4-H was something every kid who lived on a ranch participated. I had an animal every year starting with a Lamb, and when I was big enough, a Steer.
I learned how to knit, crochet, sew, do Leathercraft, identify meat cuts, bake, can and keep records of all of it from my leaders who were women that did the same things my mother did.
I learned from my dad and uncle how to ride a ranch horse, build fence, brand a calf, pull a calf, how to tell when a heifer or cow was going to calve, how to tame a weiner calf to be a good 4-H beef, how to rope, and a zillion other things I probably have forgotten.
The point is, where I live now, here in the dampness of Western Oregon, I feel much stronger than my neighbor because of how/where I was raised. I have learned resourcefulness, courage in hard times, responsibility, independence, and I can survive in a disaster, AND take care of those around me.
The other thing is, I feel rather alone at times, because there are few people I connect with in quite the same way, who have similar upbringings or backgrounds. My knitting group is great, and I like spending time with them, but I always feel like the misfit. I'm a cowboy living in the city. Like Crocodile Dundee in New York..
So am I whining? A little. Sometimes I feel cheated out of the life I was supposed to have, thanks to poor choices in careers and men. I want those lost years back.

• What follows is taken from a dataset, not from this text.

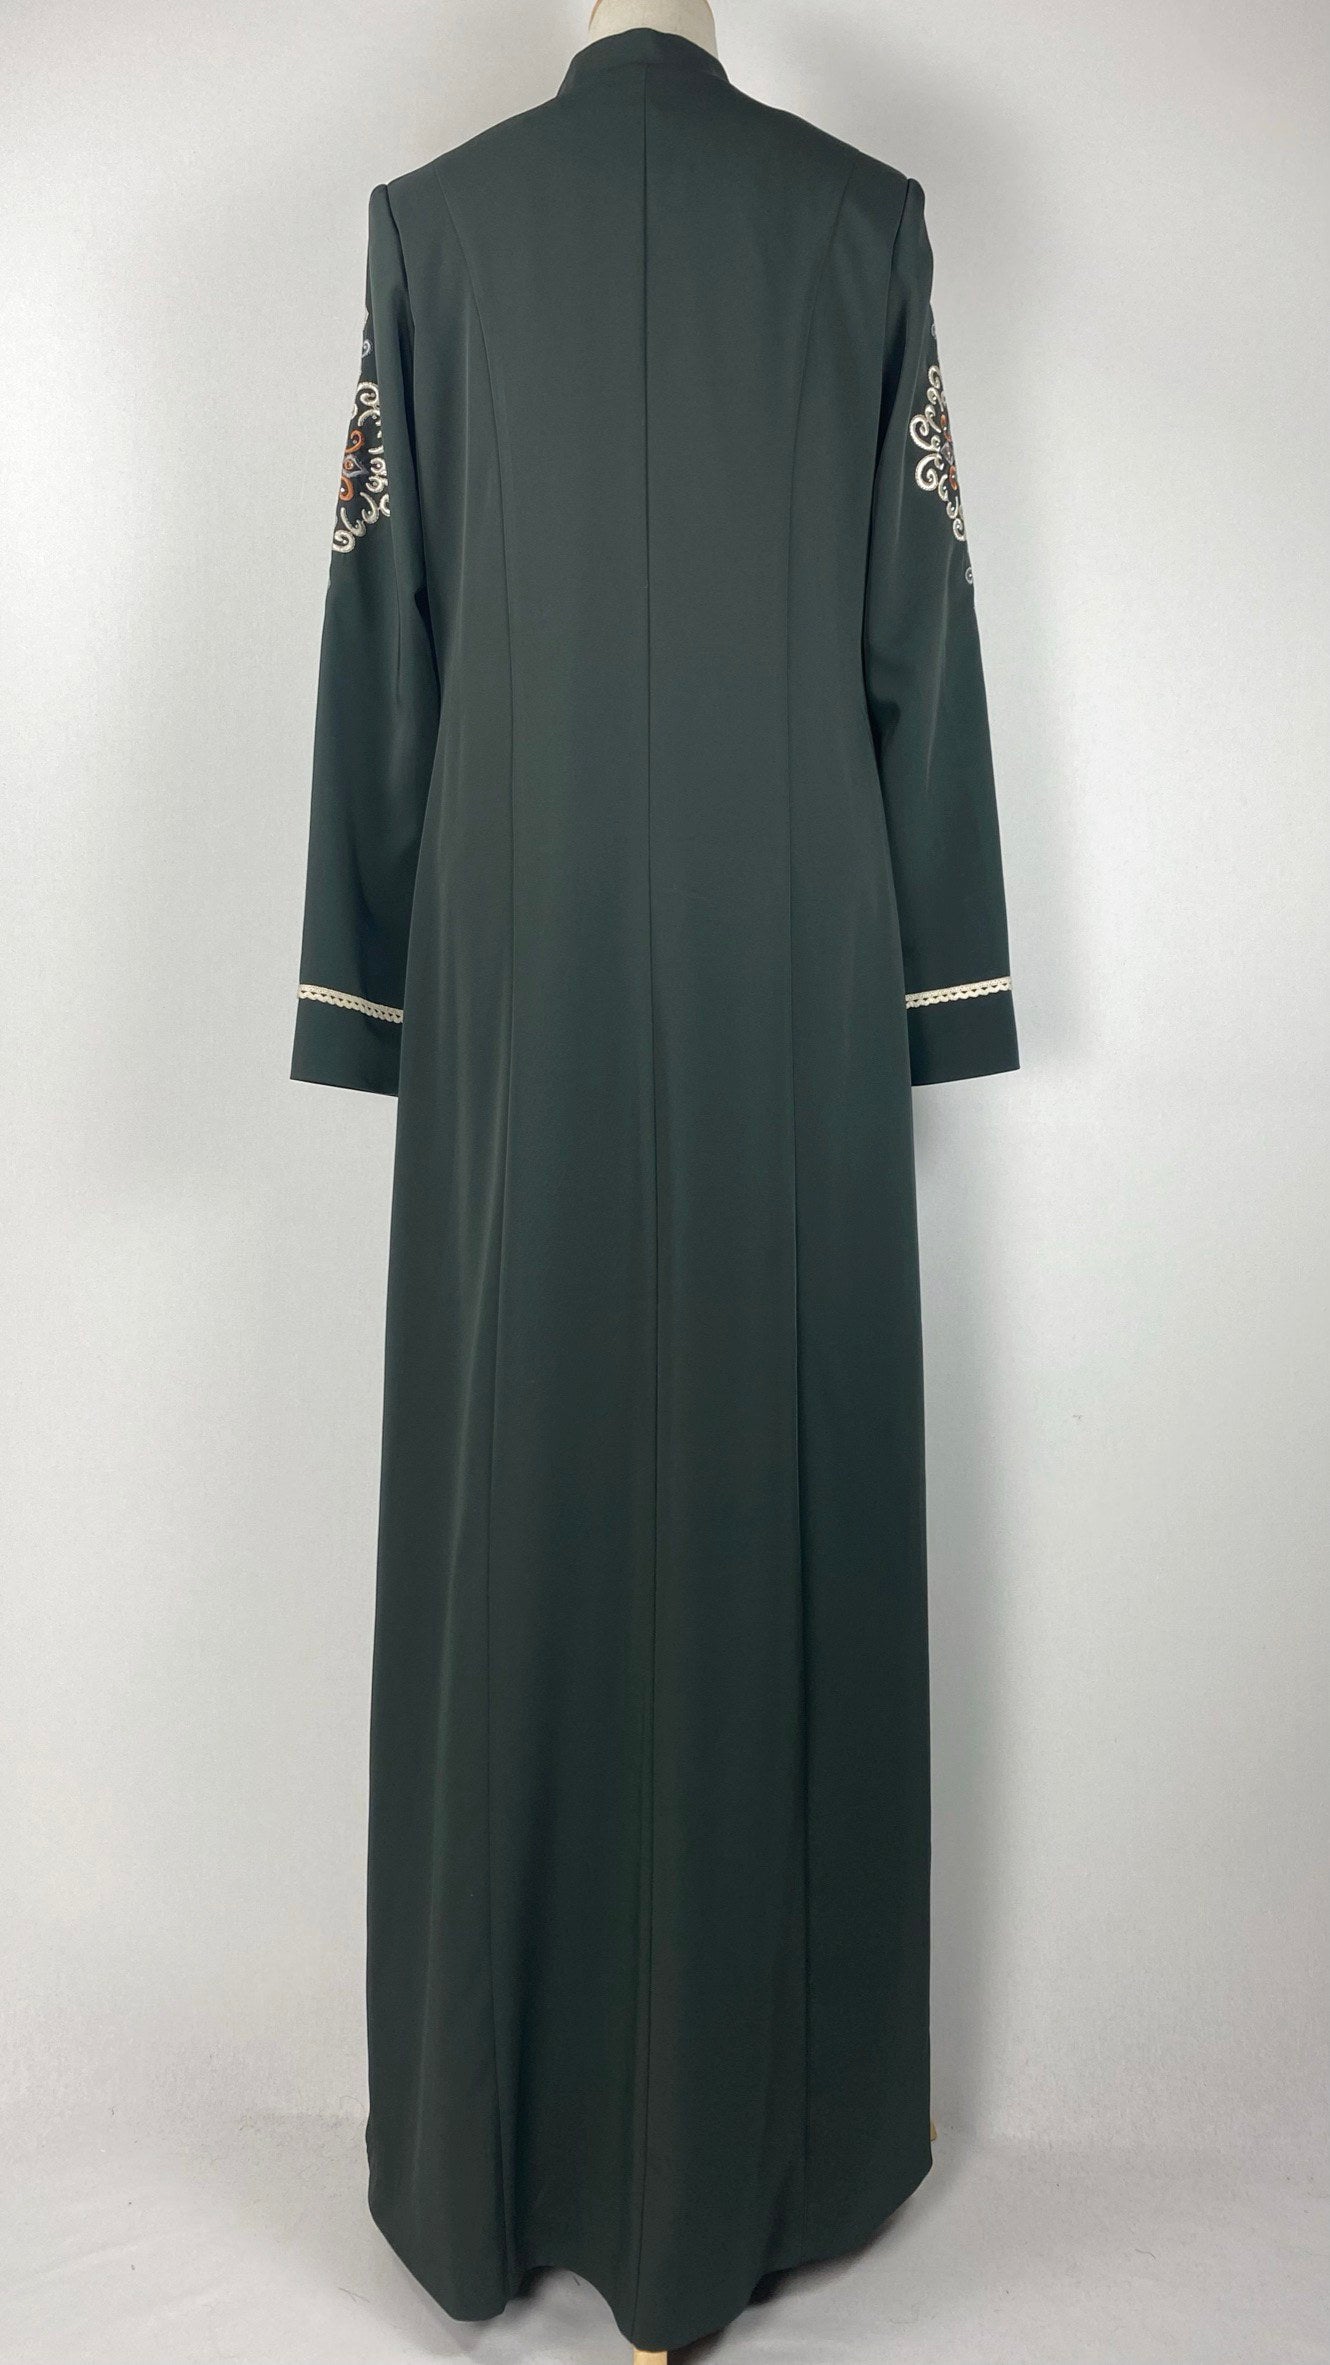 Long Sleeve Zip Up Abaya with Embroidery, Green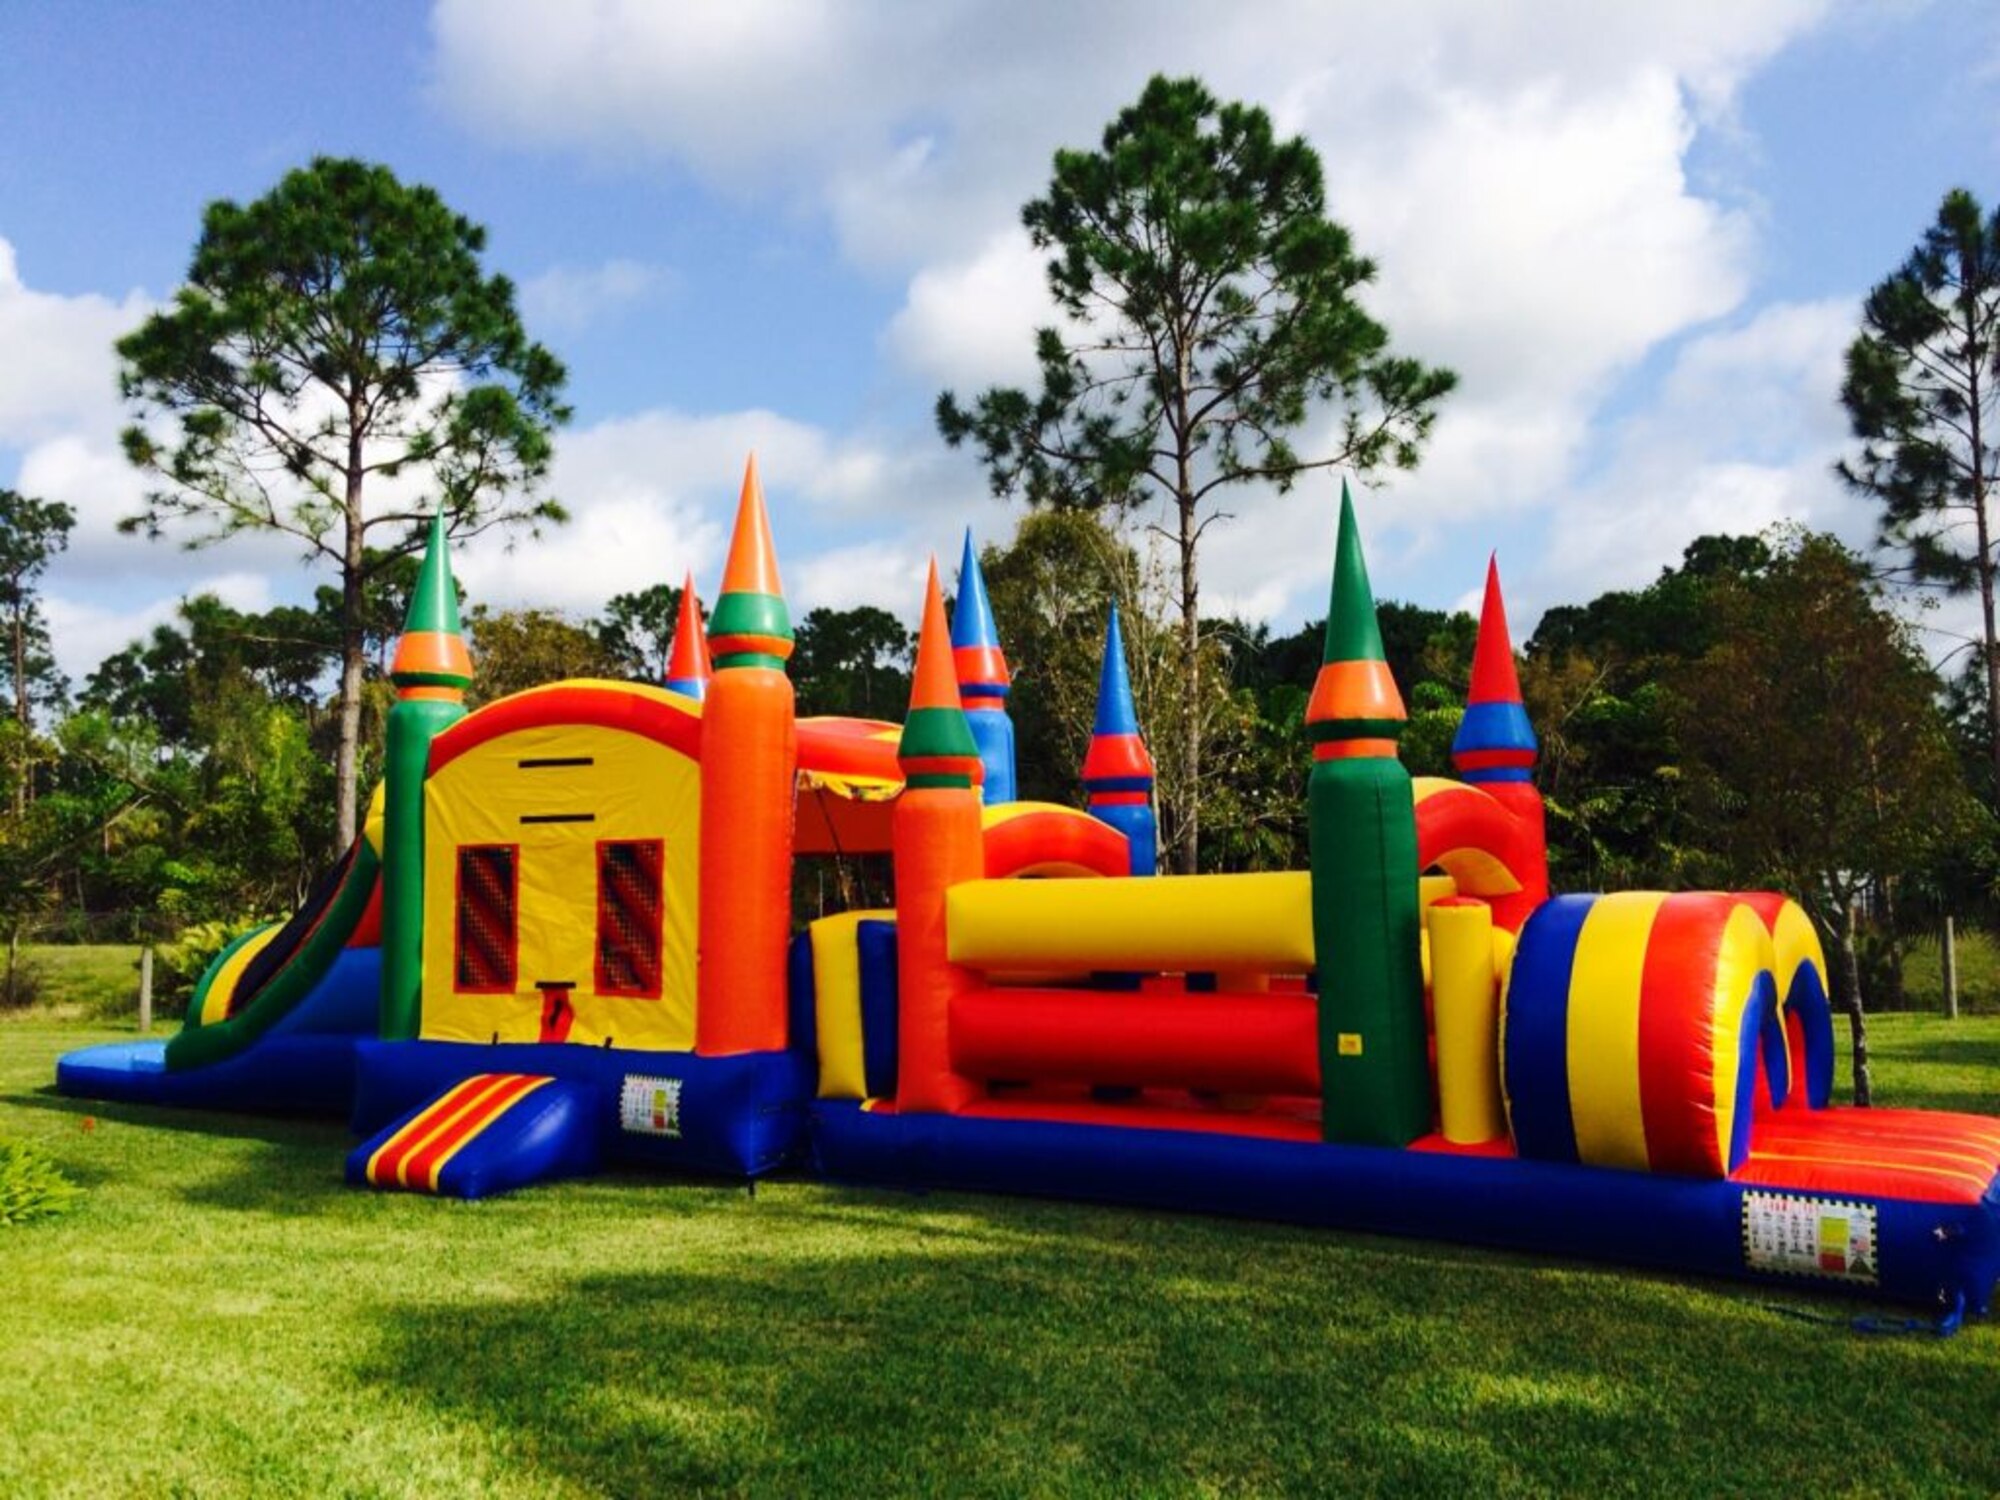 A bouncy house sits ready for use for children. The 49th Wing Safety office recommends following all bouncy house safety procedures when using a bouncy house. (Courtesy photo)

It's difficult to keep looking ahead, wondering how our country is going to fare in the next few years. I think about the big picture and try to see how it will affect my world.
In the meantime, I have kids to raise, living by example as best I can, hoping these children will make more intelligent decisions than I did when I was their age. Innocence is so precious, but they need to know. Be prepared.
What does all of this have to do with making stuff? Well think about it. Everything we are as artists manifest in the things we create. A co-worker, (who does Woodturning) was talking openly about his wife's cancer at our lunch table . We, (those sitting around him) have been up to speed on the ongoing events, so I thing he felt comfortable with what he said. "During my wife's time of Chemo, she was violently ill. I found that the things I was turning at that time had become part of what she was experiencing" He also said he looks back on those creations, and nobody wanted them. Everything else sold, or was given away, those pieces sat on the shelf. Do you see? I see him turning, thinking about his wife, and Cancer, and being alone, death, anger, - all of it poured into those turnings. They are representations of what he was feeling.
I make things because I can, and I make things because it's the best way I can express myself.